▶ [DATA PROVIDED]:
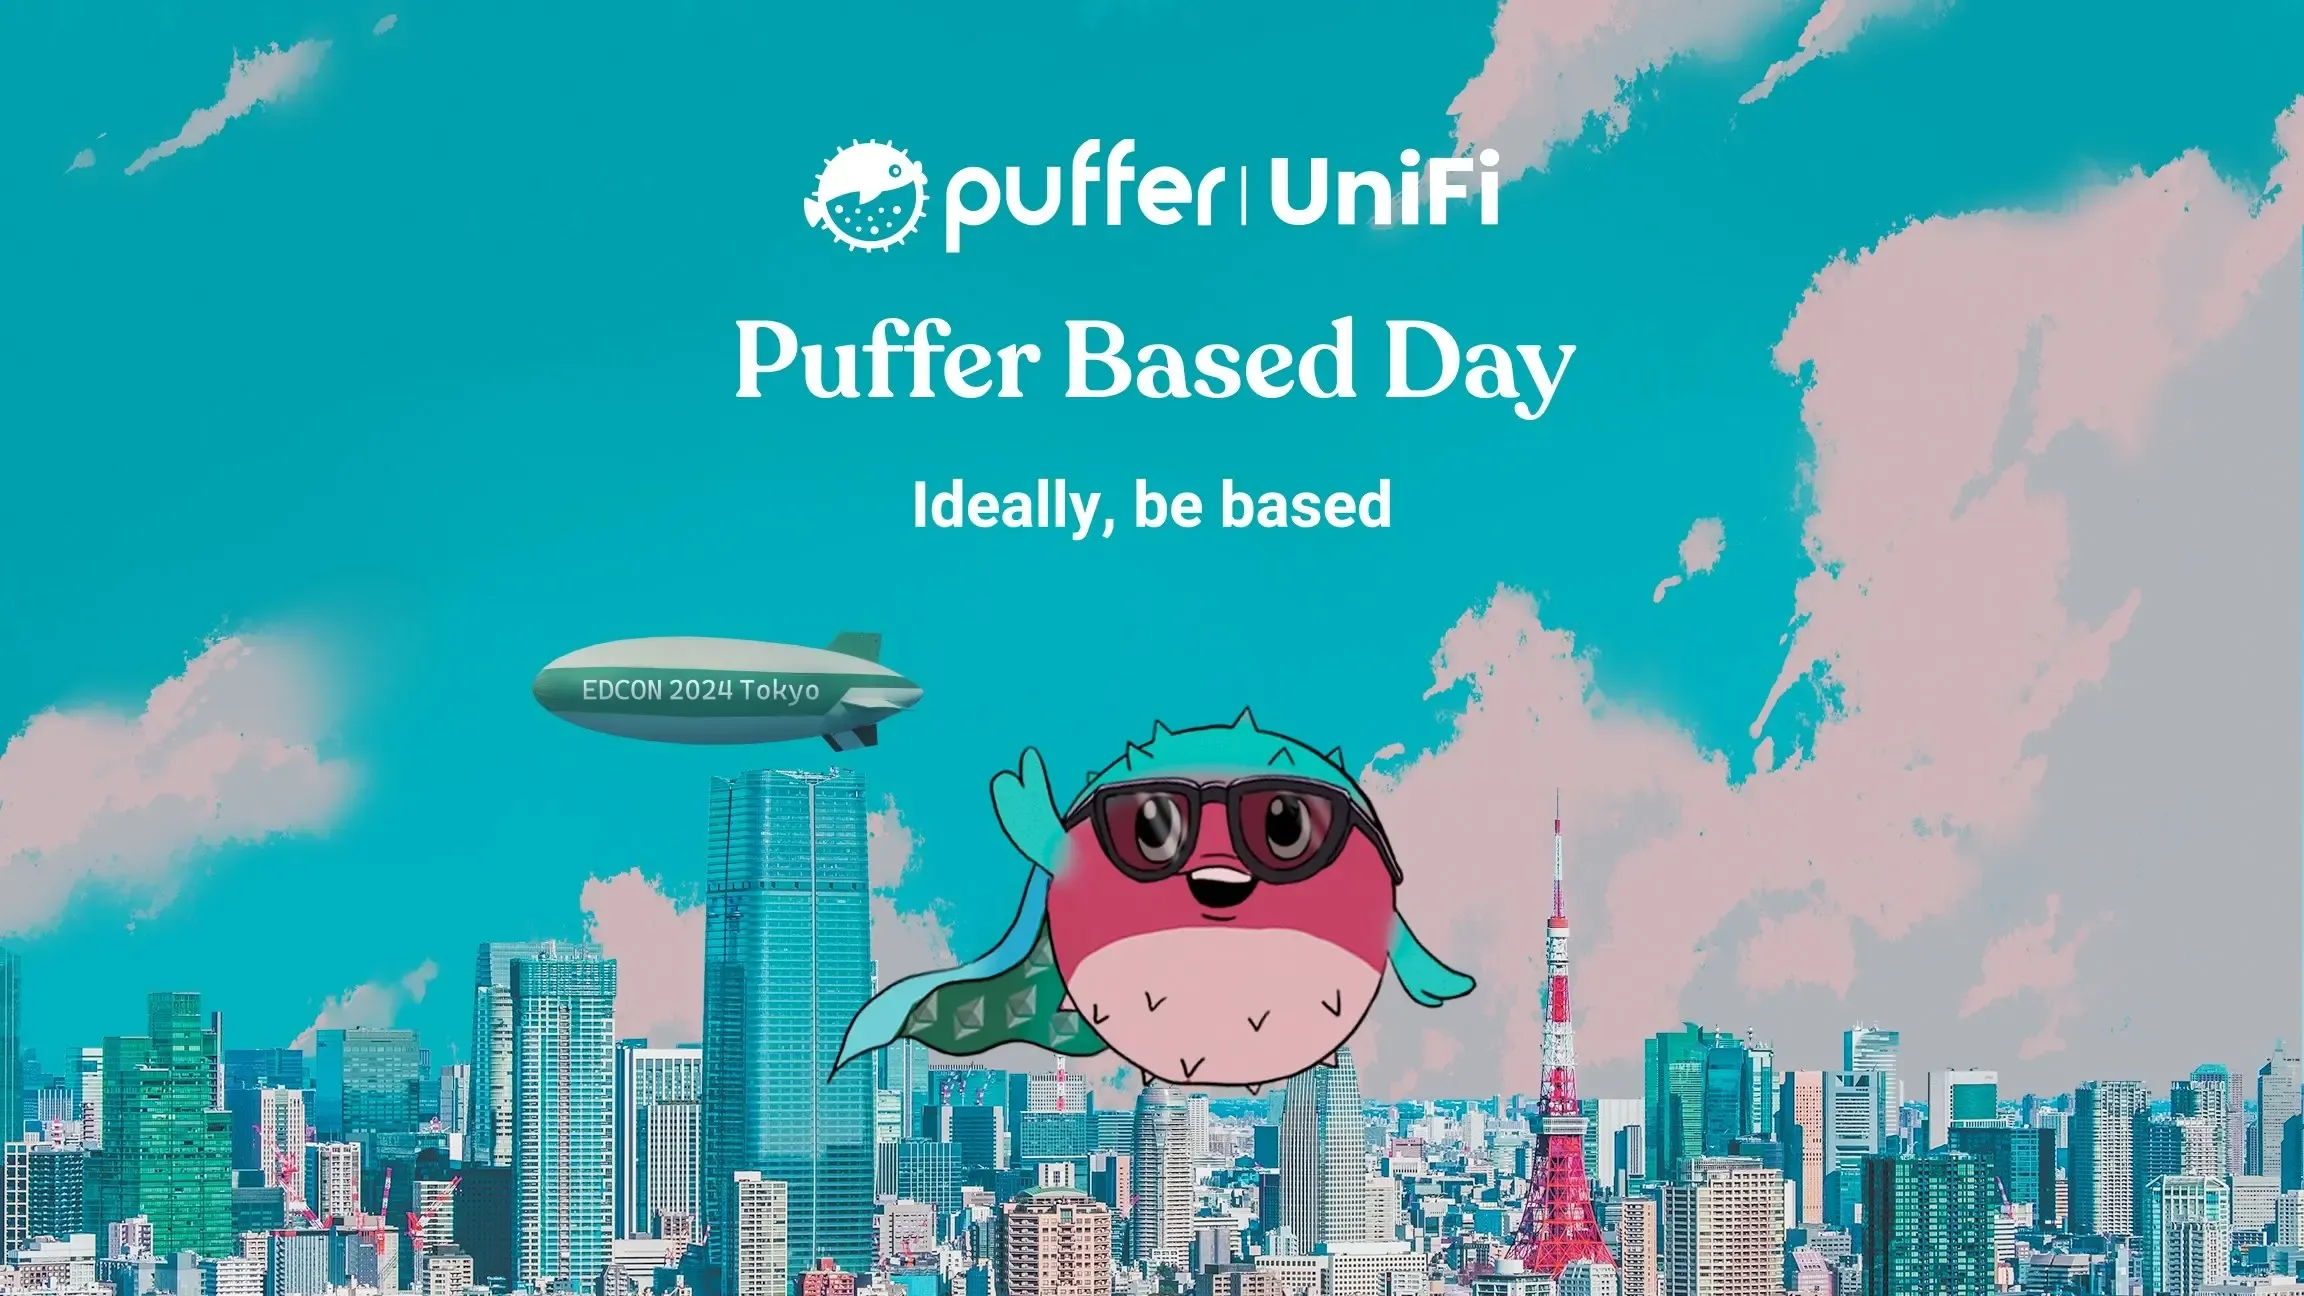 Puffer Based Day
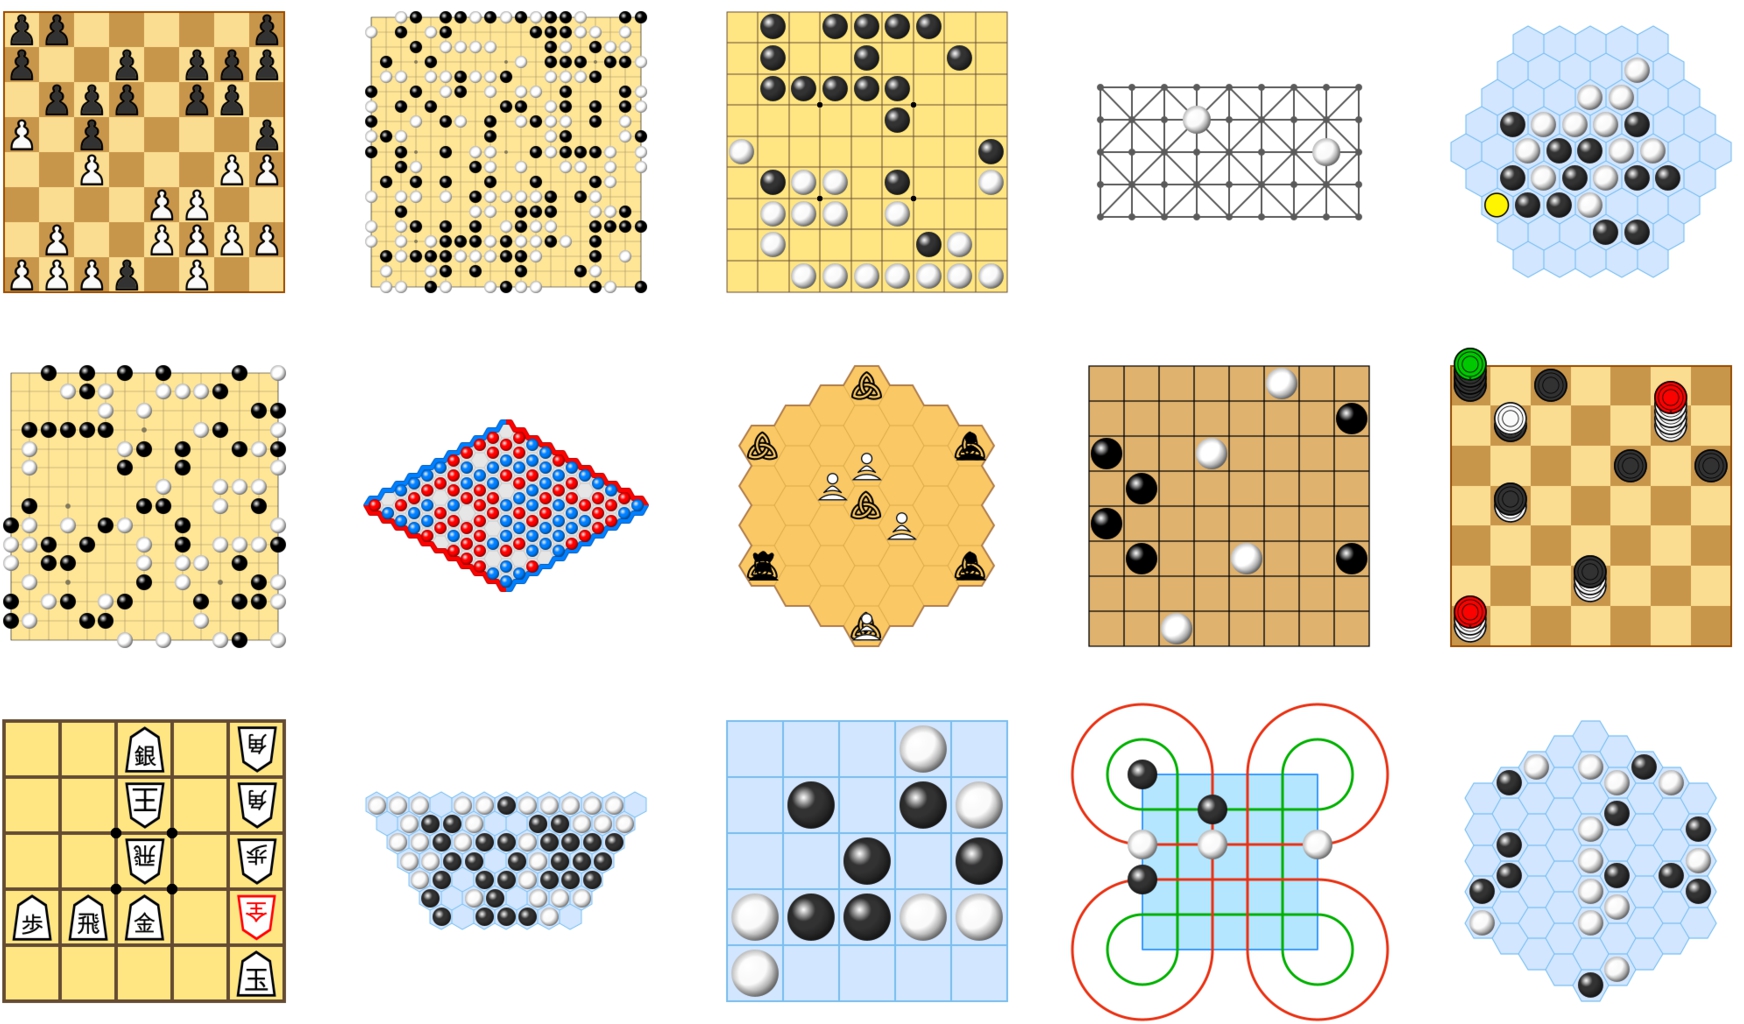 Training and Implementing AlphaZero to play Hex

* * *

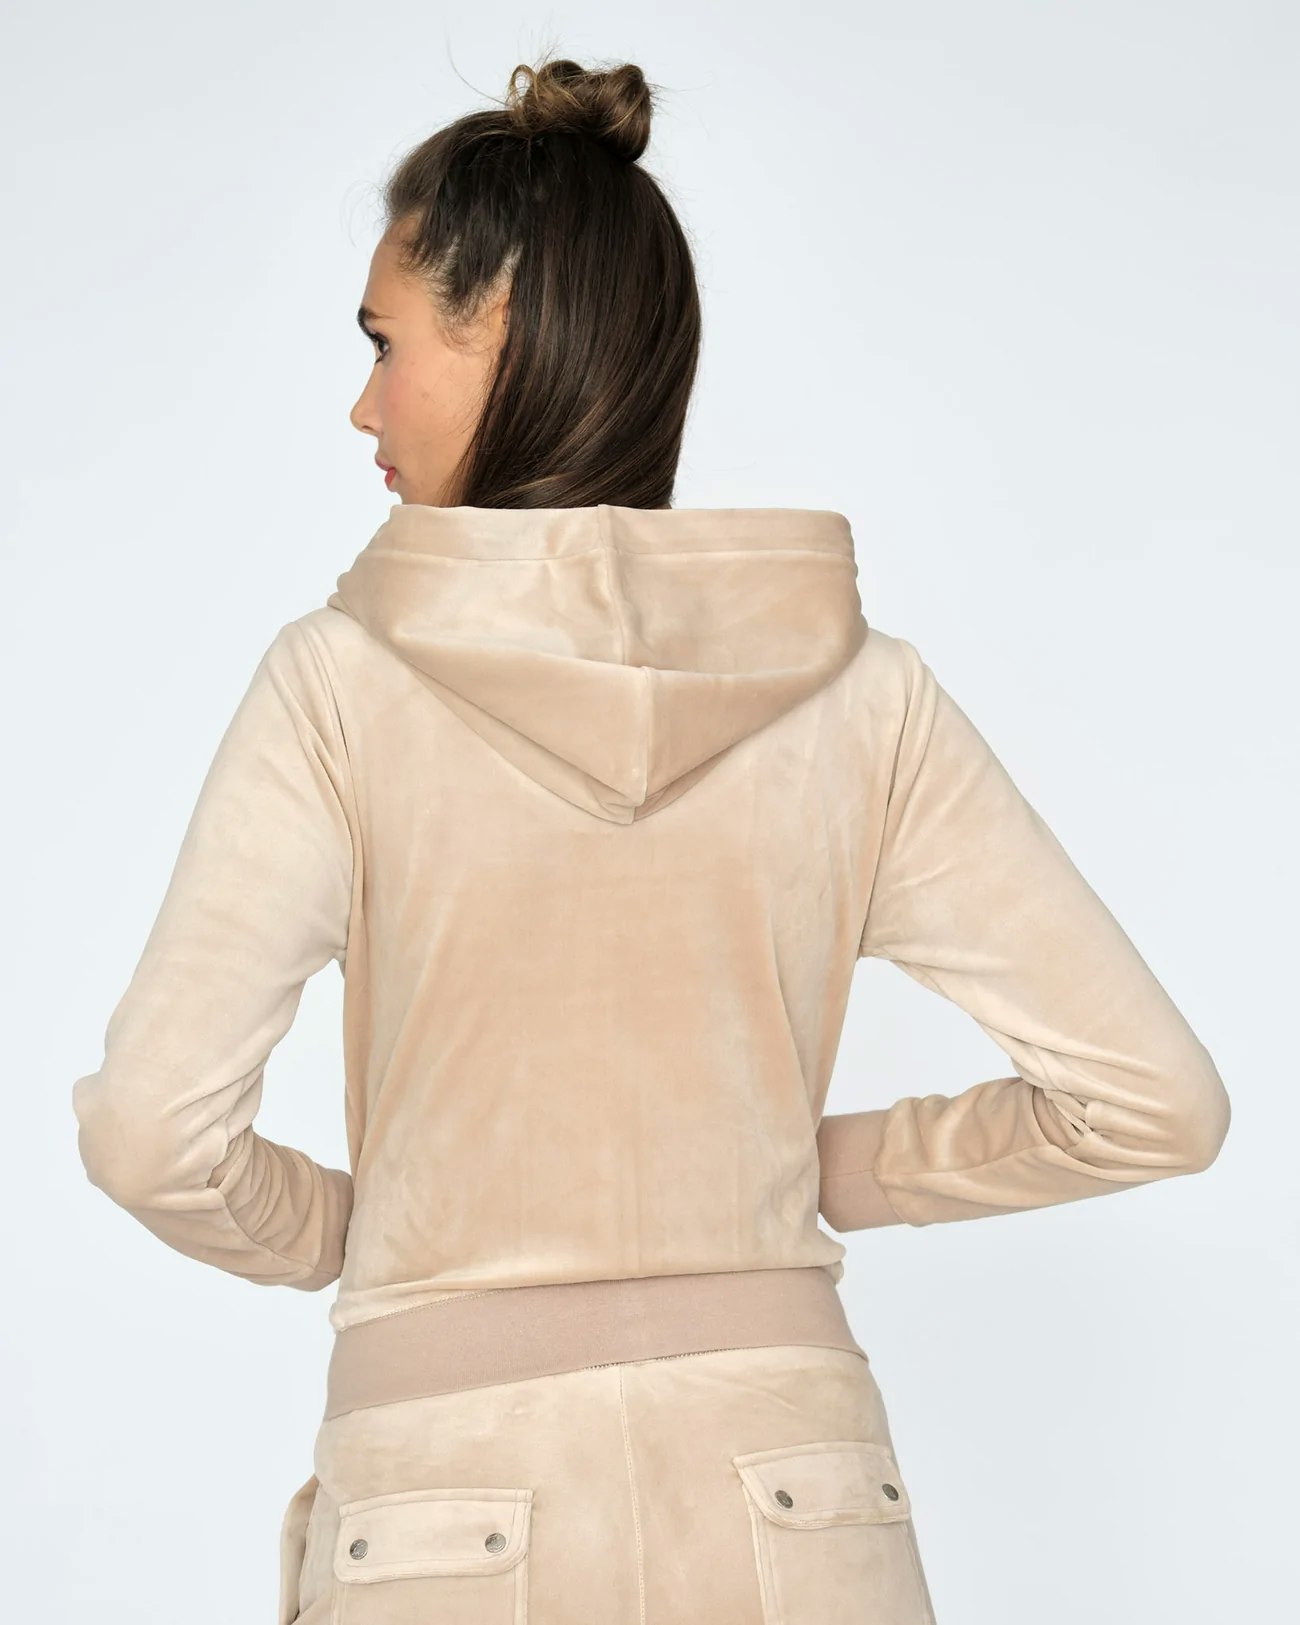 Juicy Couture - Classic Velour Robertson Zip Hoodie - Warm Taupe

▶ [ABOUT THIS EXERCISE]: The answer is the lines of the material above, from the one containing "Puffer Based Day" down to the one containing "Training and Implementing", given exactly and without images.

▶ [YOUR RESPONSE]:
 Puffer Based Day
 Training and Implementing AlphaZero to play Hex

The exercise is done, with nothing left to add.